The pipeline begins with the generation of synthetic heart rate data, which is streamed to a Kafka topic for real-time processing and sinked to a cloud data lake for persistant storage.

The data is then incrementally ingested into a data warehouse where it is transformed and stored in a final state tailored for efficient querying and analysis.

The following are examples of research questions that could be answered with the warehoused data:

  • How does heart rate vary across different activities for users of different demographics and/or regions?

  • Can historical heart rate data provide insights into the impact of seasonal variations on heart rate patterns among different users?

  • Can historical heart rate data be used to predict the likelihood of specific activities occurring at certain times of the day within different regions?

Project Components:

Architecture diagram with animation for stream connectors

1. Synthetic OLTP Data Generation

Synthetic operational data is generated (users data, activities data) that will be used to provide further context to each heart rate stream record.

The users and activities data were generated using the Faker library inside custom python scripts that can be adjusted and re-used when needed. Each script generates a pandas DataFrame object and uploads the object as a static CSV file. The CSV data is then manually uploaded to a mock operational OLTP database (running on PostgreSQL) hosted on an RDS instance.

Further information with regards to the synthetic OLTP data may be found inside the mock-data/static directory.

To run the python scripts and re-create the CSV files:

python -m mock-data.static.scripts.generate-activities

python -m mock-data.static.scripts.generate-users

2. Simulated Heart Rate Stream

Synthetic heart rate data is generated to simulate real-world scenarios, such as heart rate data measured by an Apple Watch device.

A producer.py script has been developed to act as a Kafka producer, leveraging the confluent-kafka Python library to generate the heart rate data. This script reads the already generated users and activities CSV files to pick out a random activity ID and user ID, sending it along with a randomly-generated heart rate to the Kafka topic.

The script has been containerized inside a Docker image using a Dockerfile located in the root folder of the project, which is then pushed into Amazon ECR and ran using a continuously-running ECS task.

The Faker library is again used inside the producer.py script to generate a random latitude and longitude coordinates based on the user's address country. This as well as a timestamp column (indicating the event time) are added to the heart rate data record and sent as a JSON object to the Kafka topic for processing.

Heart rate data format:

{
 user_id: 10001, 
 heart_rate: 128, 
 timestamp: 1711943972, 
 meta: {
  activity_id: 20890,
  location: {latitude: 37.416834, longitude: -121.975002}
 }
}

Both JSON and AVRO formats were considered for sending heart rate records, however JSON was chosen as it incurred lower storage costs compared to AVRO when transmitting heart rate data over the network.

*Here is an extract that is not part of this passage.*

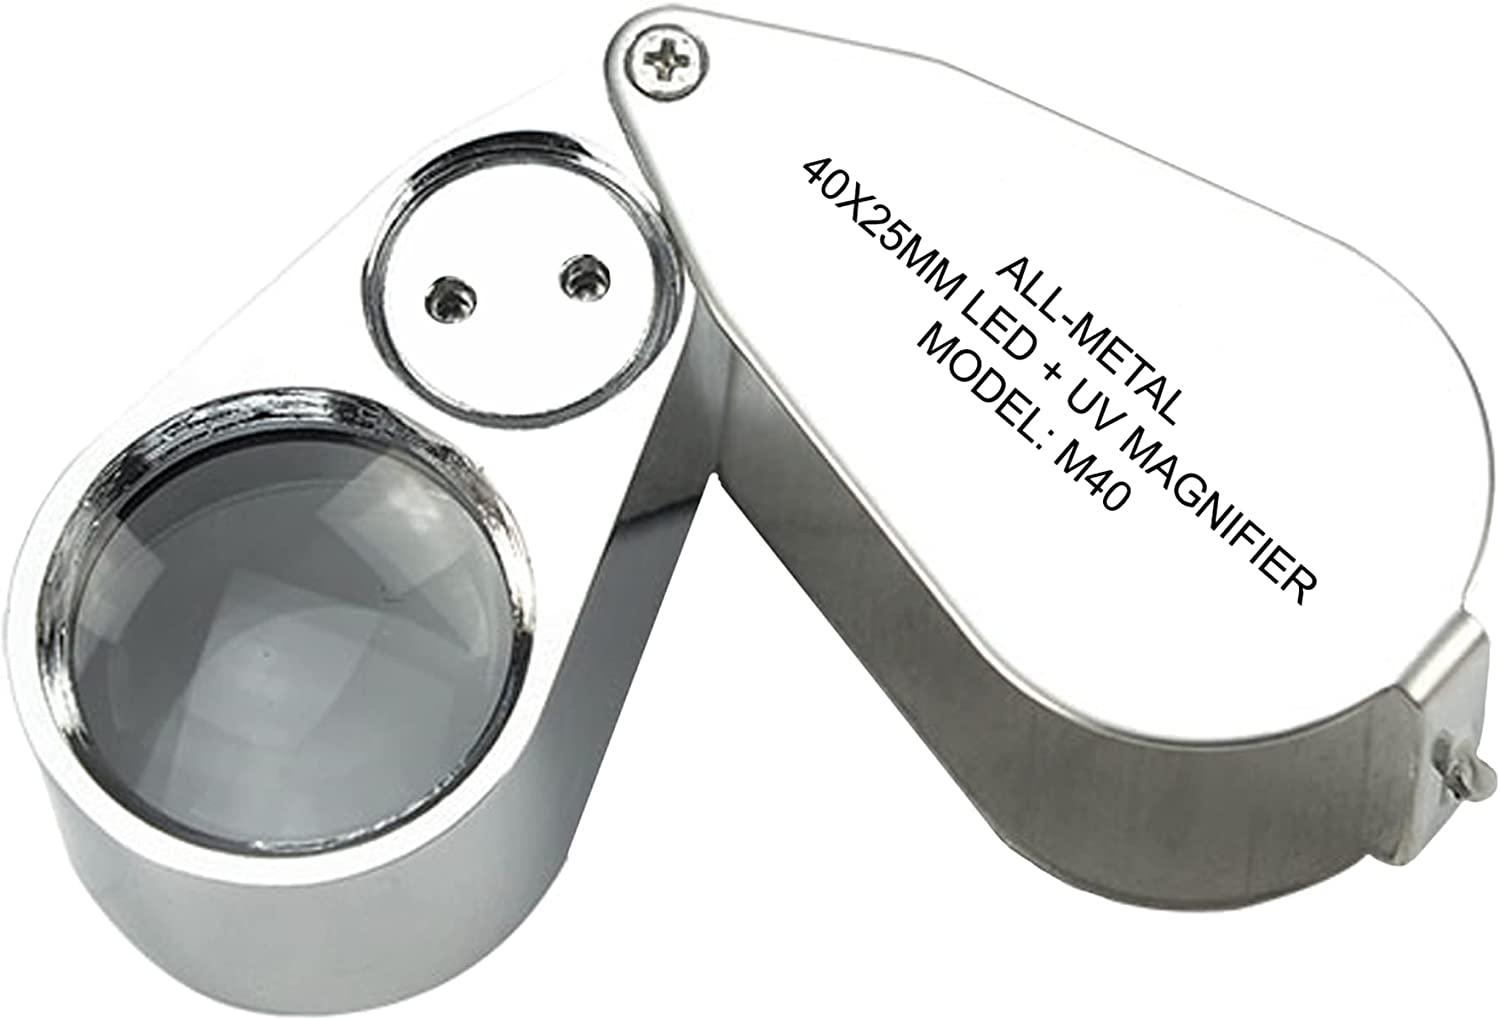 40X Jewelers Loupe Foldable Magnifier with LED Light Portable Folding Magnifying  Glass Illuminated Magnifier Coin Jewelry

To run a custom made script to generate JSON and AVRO files with mock heart rate data:

python -m docs.performance-analysis.stream.compare-avro-json

Comparing the size of the generated files:

Compare avro vs json bytes

3. Streaming to Kafka

A Kafka cluster and topic were established for real-time data ingestion inside of Confluent Cloud. The topic was divided into 6 partitions, enabling Kafka to parallelize the stream processing and allow for scalability (not truly necessary as data was written synchronously inside the producer.py script). The default value of '1 Week' was selected as the retention period for each message.

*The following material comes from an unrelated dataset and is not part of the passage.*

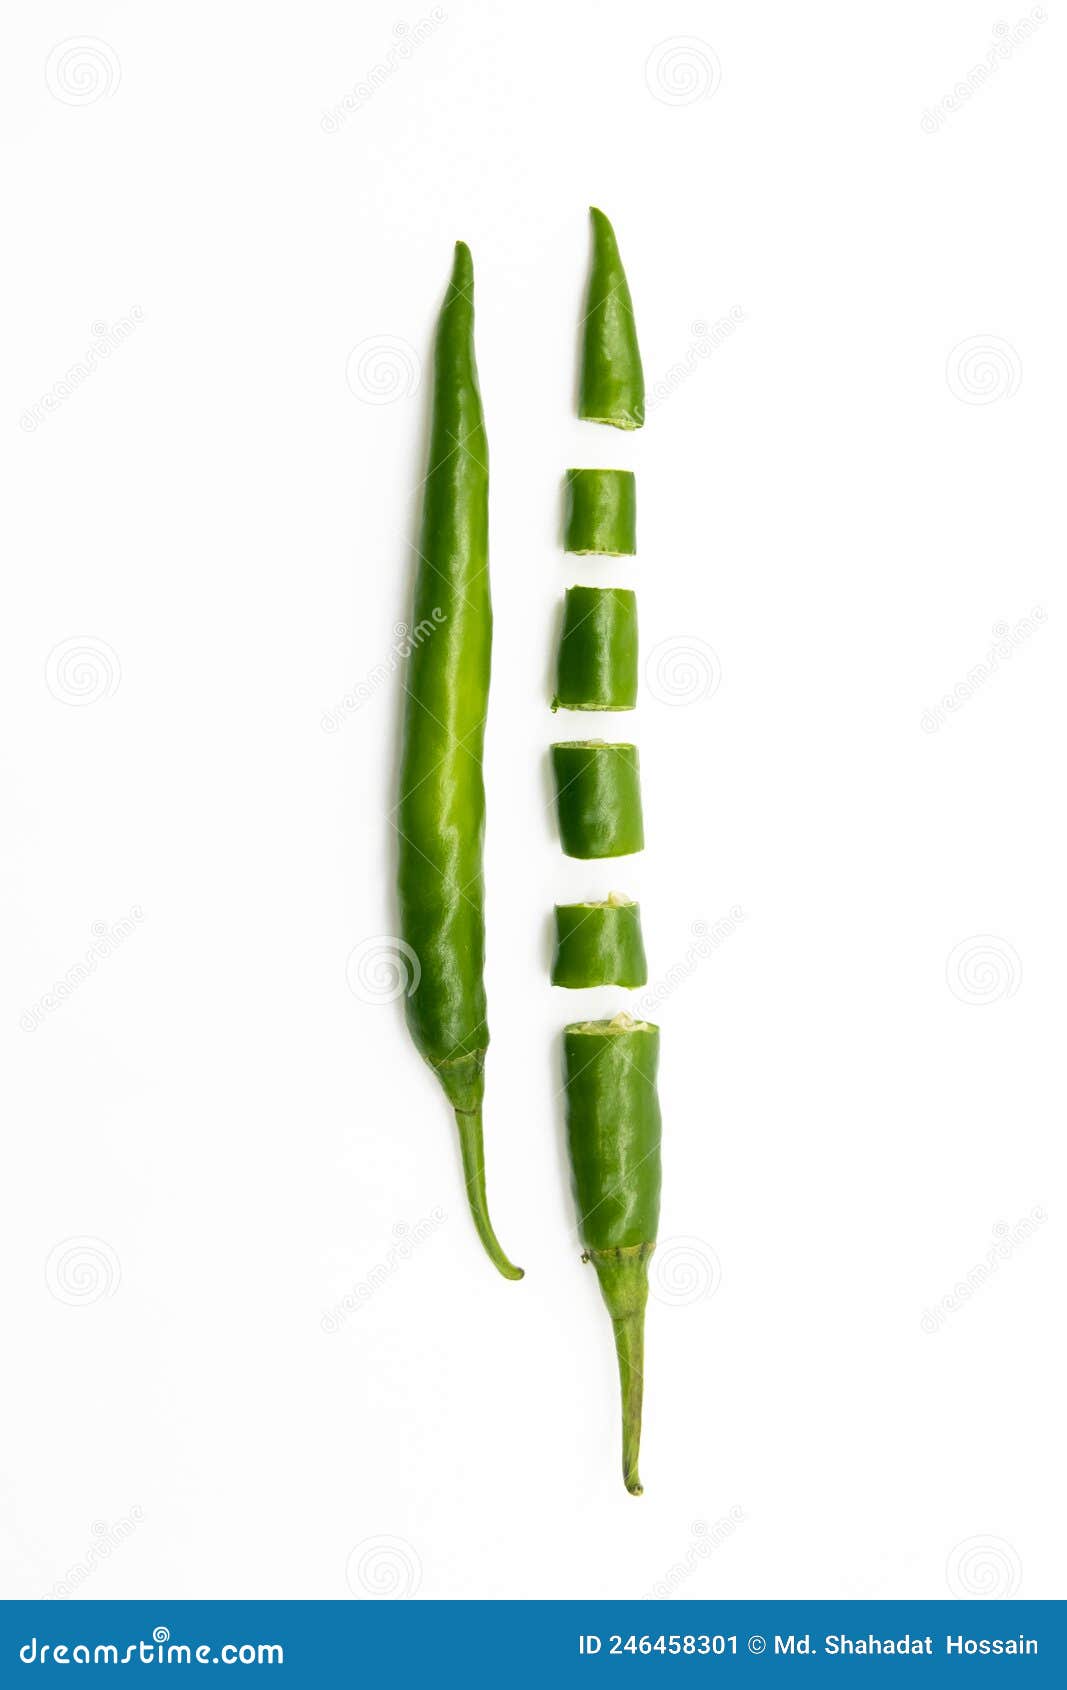 whole and slices lumbre green chili pepper  on white background

Confluent Cloud's connectors facilitated the setup of an S3 sink connector for efficient data transfer to an S3 bucket. An IAM role was configured to grant Confluent the necessary permissions to write data to the S3 bucket.

Kafka topic data lineage:

Kafka topic data lineage

4. Sinking to S3

The S3 bucket partitions and stores the streamed data by its event time (YYYY/MM/DD/HH directory format). Then, within each directory, a separate JSON file is created for each partition which stores the stream data relevant to that specific partition.

The decision to use a cloud data lake to persistently store the raw streaming data enables reusability of the data for subsequent workflows, such as machine learning pipelines operating on raw data. Additionally, if data is corrupted somewhere within the load or transformation part of the ELT pipeline, it is always possible revert to the original, unaltered data for reprocessing or troubleshooting purposes.

S3 bucket directory hierarchy

5. Ingestion with Airbyte

An EC2-deployed Airbyte instance is used to ingest the static operational RDS data and the unbounded S3 stream data into the data warehouse hosted on Snowflake.

For the S3 to Snowflake sync, first an S3 source is established with the following configurations:

| Config Name                      | Config Value     |
|----------------------------------|------------------|
| Bucket                           | <name-of-bucket> |
| Format                           | Jsonl format     |
| Name                             | heart_rate_stream|
| Globs                            | **               |
| Days to sync if history is full  | 3                |
| Input schema                     | N/A              |
| Schemaless                       | Unselected       |
| Validation policy                | Emit record      |

The selected replication sync mode for the S3 -> Snowflake connection is Incremental | Append with the Airbyte-generated _ab_source_file_last_modified column used as the cursor field. Inside AWS's Identity Access Management, a separate airbyte-stream-reader user was created with read access to the S3 bucket.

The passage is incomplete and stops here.